I Am Forgetting Him

It slithers in the door, drifts across the old wooden floor, floats up through the sheets I lie upon.Thoughts come unbidden to my mind – I can’t remember his voice, I’m forgetting who he was, the words he would say, the engagement of those last days before death finally had its way.

Tears streak my cheeks, and grief once again pays a visit.

It was not invited, and it’s been awhile, and it takes me unawares. Grief is sneaky, as soon as you believe it holds upon you has wained, it appears.

Though days may be filled with joy, though reunions with old, and much cherished, friends may come to fill some of the empty spaces, though new men may come and go (more often go), still my dead lover remains; if only a shadow.

He still has substance, being, and form, but he no longer has a voice, for that has been forgotten. In time, I know, his dark clever eyes will fade to black, he will slowly, gradually, as day turns to night, and night once again today , become but an abstracted watercolor of what he was in life.

Maybe the tears came due to strolling around those four years with that old cherished friend, as we sketched in the last 19 years.

Yes, and the lake was beautiful, a dream, and I for the first time since those helium sphere days we shared, dug my hands down into the earth, and I grew ferns and hostas and lovely sprite astibiles, and languished in the joy that dirt gave me. As the lake shimmered in the late afternoon sun, and we held hands as he took those last excruciating steps towards his own death, and as I held onto the myriad of sorrows he would leave me with...

I shared this with her, my cherished friend. And she told me of her own heartaches, of her now grown girls lives, of marriage , and husband, and places she never wanted to be. Sorrow and guilt, laughter and joy, dogs and grand babies, mothers and fathers, madness, and loneliness, and smothering realities unravel, and One by One our tales are told.

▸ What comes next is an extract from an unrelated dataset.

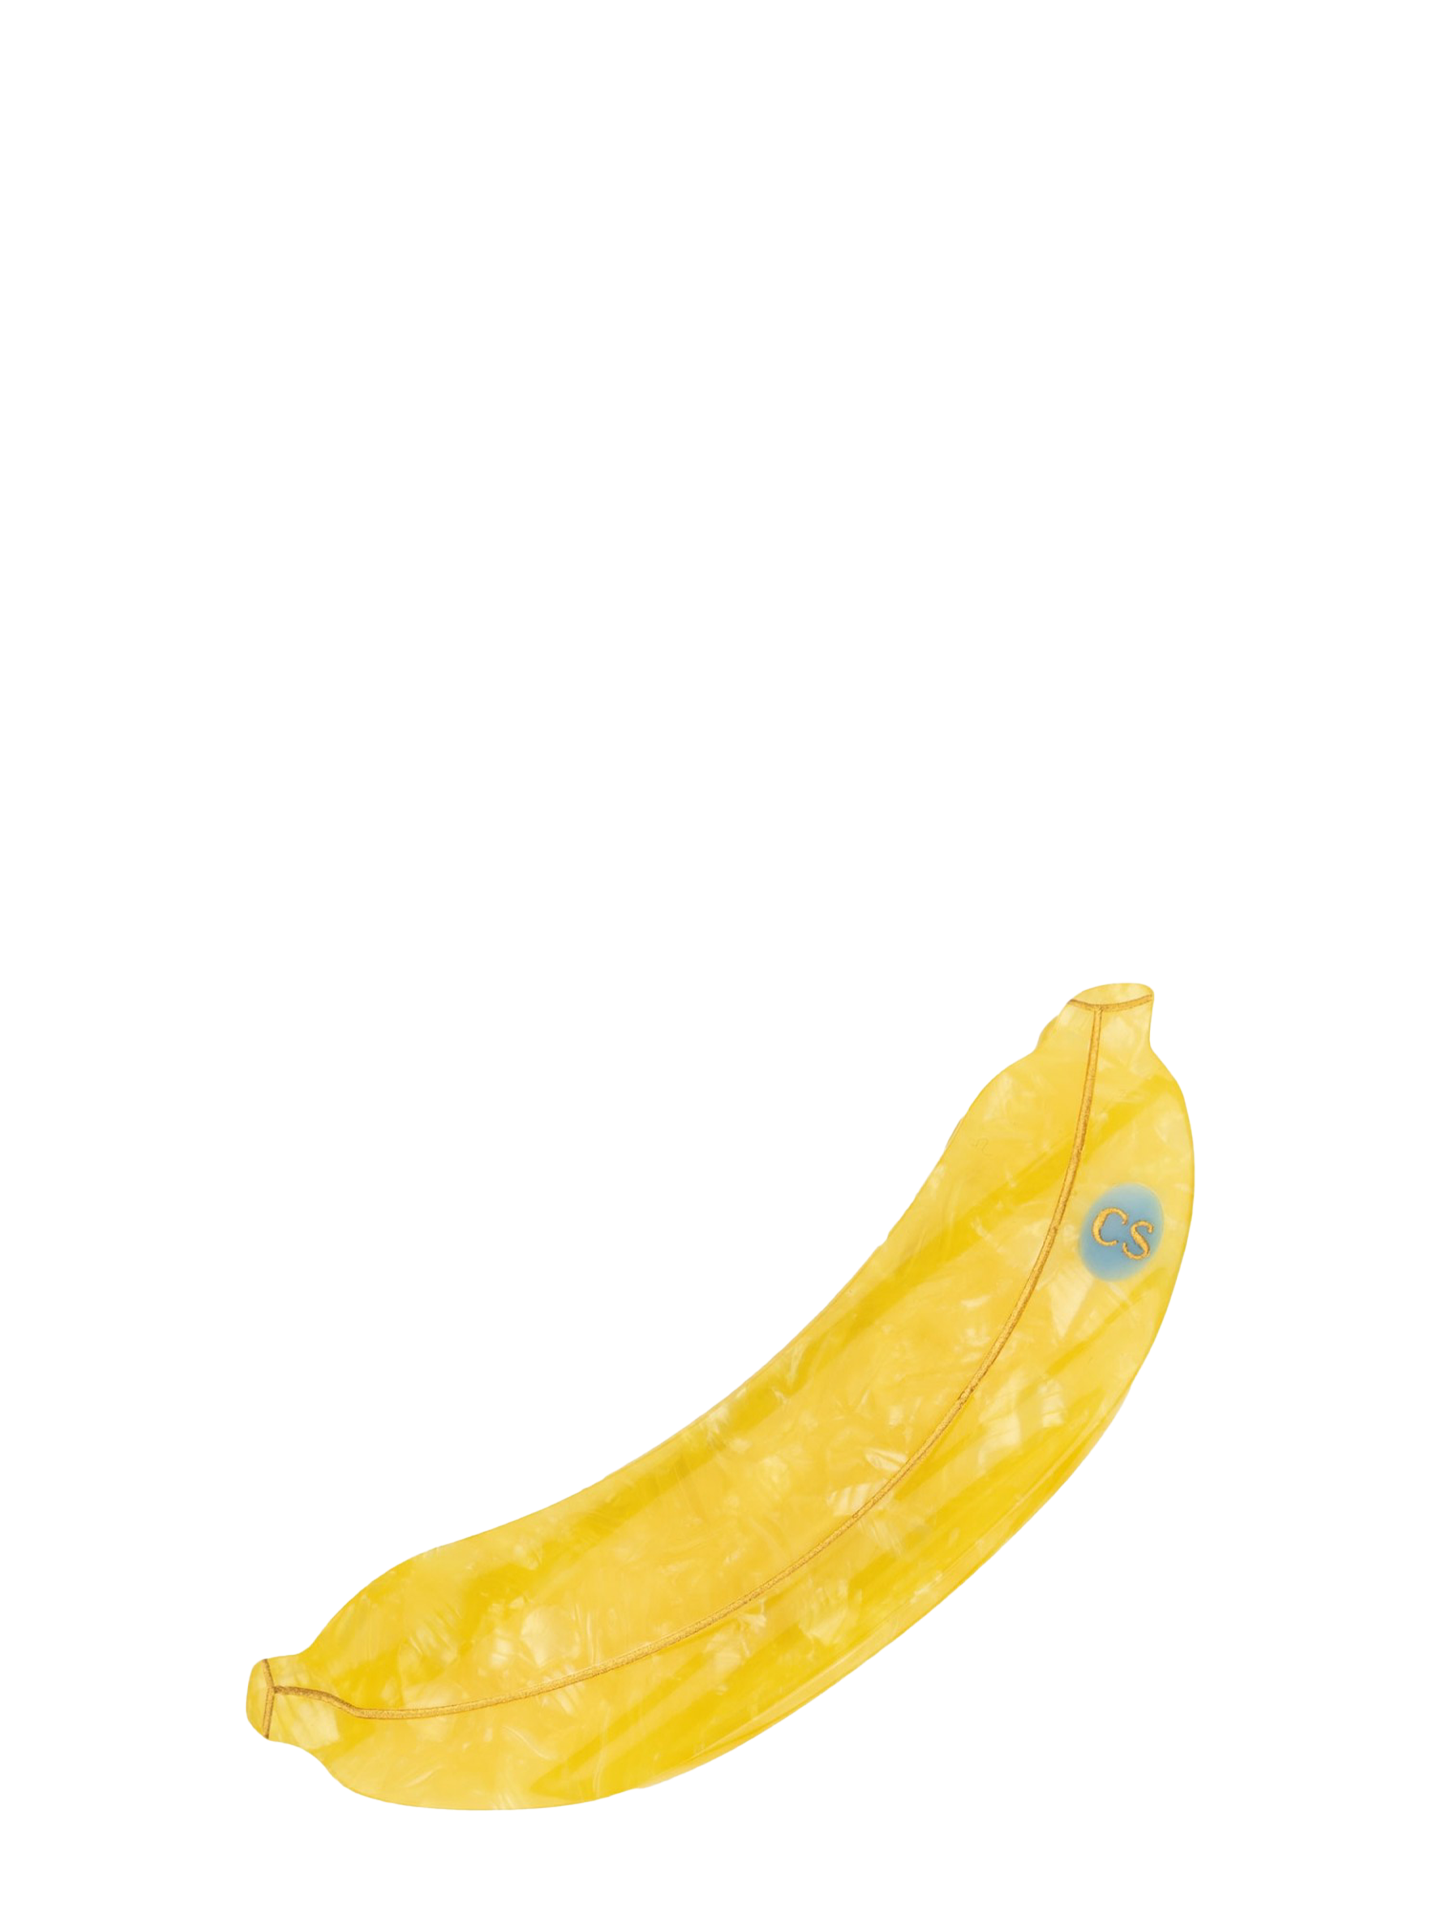 Banana hair claw is a fruity-fun in the hair-do.

And with every step I take through this forest of my life before my dead lovers lying eyes, and forked tongue, found me stranded by that other lake, as I walk amongst these old memories of an ex-husband not seen or spoken to in a decade, past old boxes of his betrayals, as we talk of that shared friend of the shattered mind we miss, and laugh together at his once laughing eyes, and the sorrow we felt as we watched them turn to madness, we regret those years we missed.

Sorrow no longer fills my days, griefs grip has loosened its hold, and though another man’s lips may kiss me once in awhile, and another’s hand I long to hold, still, the shadow of him lingers; like the pieces of him I hold within the wooden box, waiting to be scattered at his Irish Lake.

As the last glass I brought with me from our four years at his lake shatters on the kitchen floor, I recognize that there is more of him left than I thought. There are more shadows of his lies to conquer, more of his good heart to recall, and learn how to forgive myself for falling for his narcissism; yet I know I will never be able to forget, him.